Specific duties and obligations on each Varna

“Four Varnas are mainly the four functional groups, differentiated from each other on the basis of attitude and aptitude, each one catering one of the basic fundamental need of the society”. 

The great ancient Greek philosophers dreamt of an “Ideal society”, in which they divided all people into four groups, not on basis of birth, but on their capabilities and aptitudes and were ranked in the following order –

  • Philosopher Kings” –  People having  intellectual acumen were called Philosopher kings.
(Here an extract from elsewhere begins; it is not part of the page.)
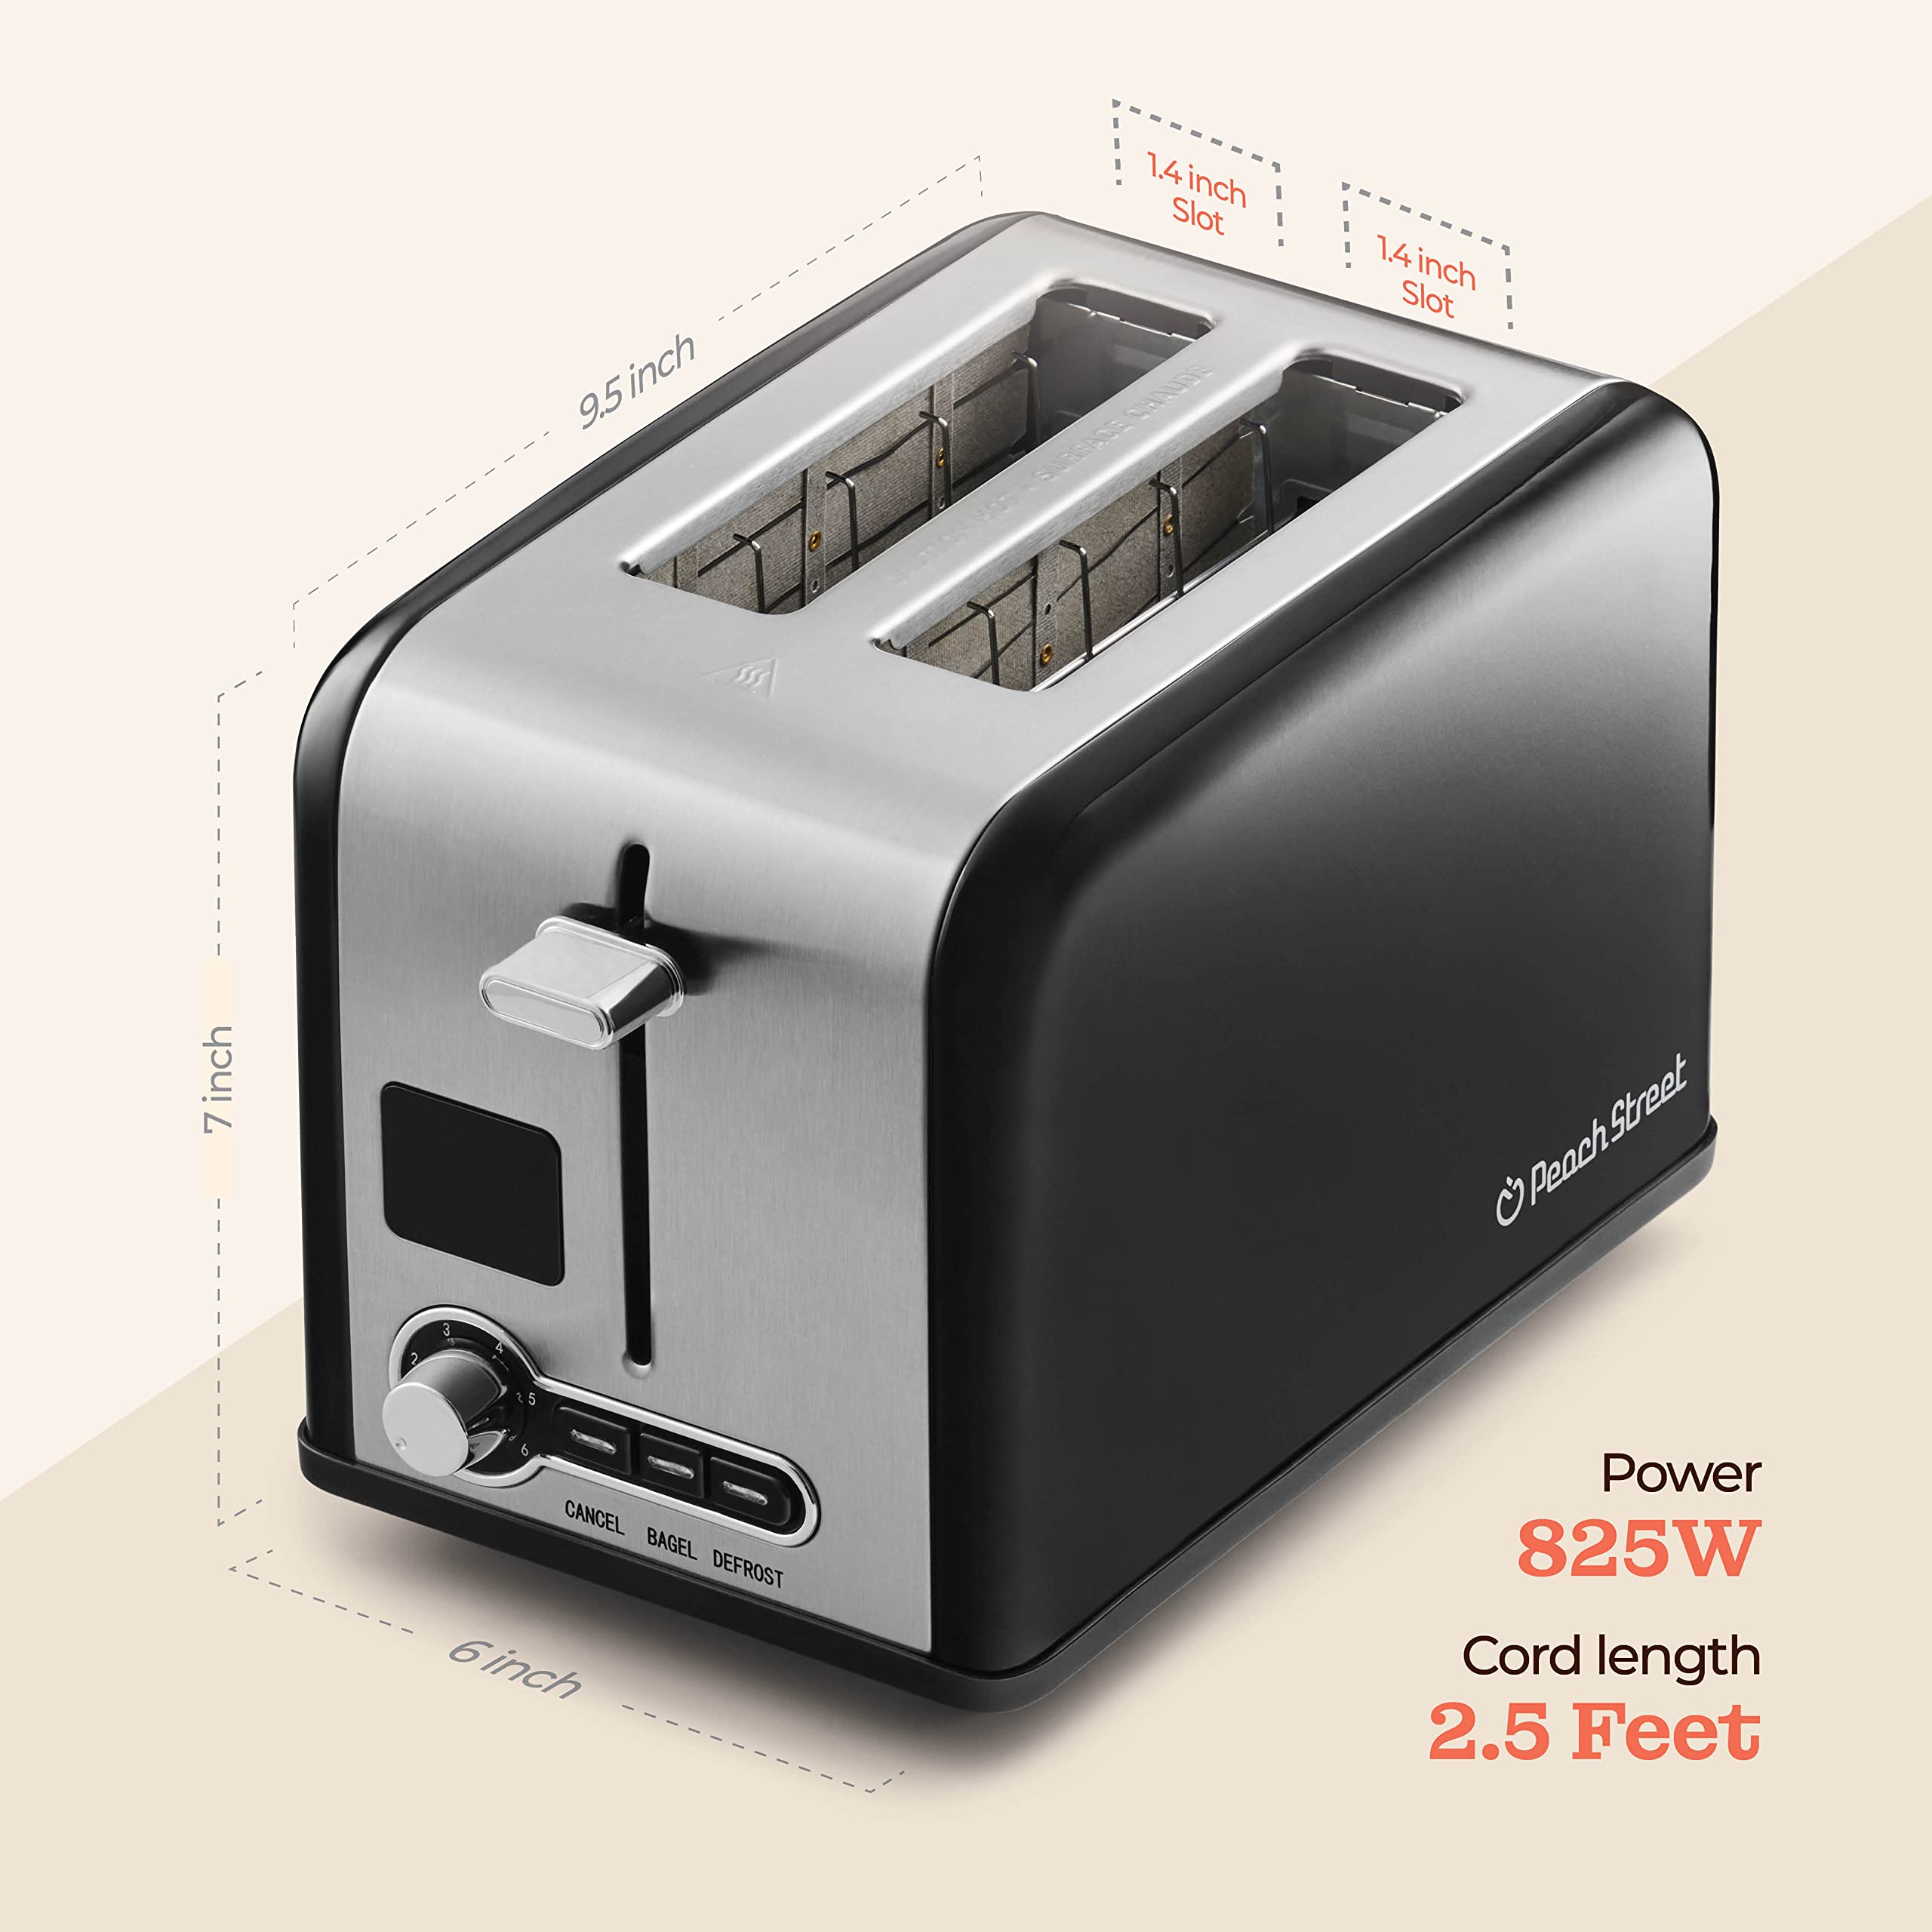 Peach Street Slice Toaster Compact Bread Toaster with Digital Countdown, Wide Slots, Auto-Pop Stainless Steel, 6 Browning Levels, Removable Crumb Tray, with Defrost, Bagel, and Cancel Function  - Good

Their specific duties were to do all intellectual work and set norms for the whole of society.

  • Army men” – People having warrior skills were to protect nation and its people from outside invasions and maintain peace and harmony within country-state.

  • Business Community” – It was supposed to do all kinds of business transactions and,

  • Slaves” – Menial works were assigned to slaves.

What Greek philosophers dreamt for an ideal state, was already practised in ancient India in real life. In ancient India, the whole system was based on the principles of Varna, Dharma and Karma”, It classified the society into four groups called Varna and assigned to each some specific tasks.

According to principle of Varna, all persons were not identical in attitude and aptitude. They differed from one another on the grounds of natural endowments, qualities, physical strength, mental capacity, moral aspirations, likes and dislikes, inclination and expectations. Different activities were assigned to different groups according to their attitude and aptitude.i

According to Smritis it was not birth, but the qualities and deeds, which fitted one into a particular group.ii Later on, upbringing, atmosphere and convenience made the system hereditary. Varna system divided people into following four functional groups.

Brahmins – “Simple living and high thinking” was the motto of this group. On the basis of their natural inclinations, predominantly psychological characteristics, having `Sat and `austerity”. Varna system assigned to Brahmins the work of pursuing knowledge. People having intellectual acumen for performing all intellectual work and setting norms for whole of society were put in this category. 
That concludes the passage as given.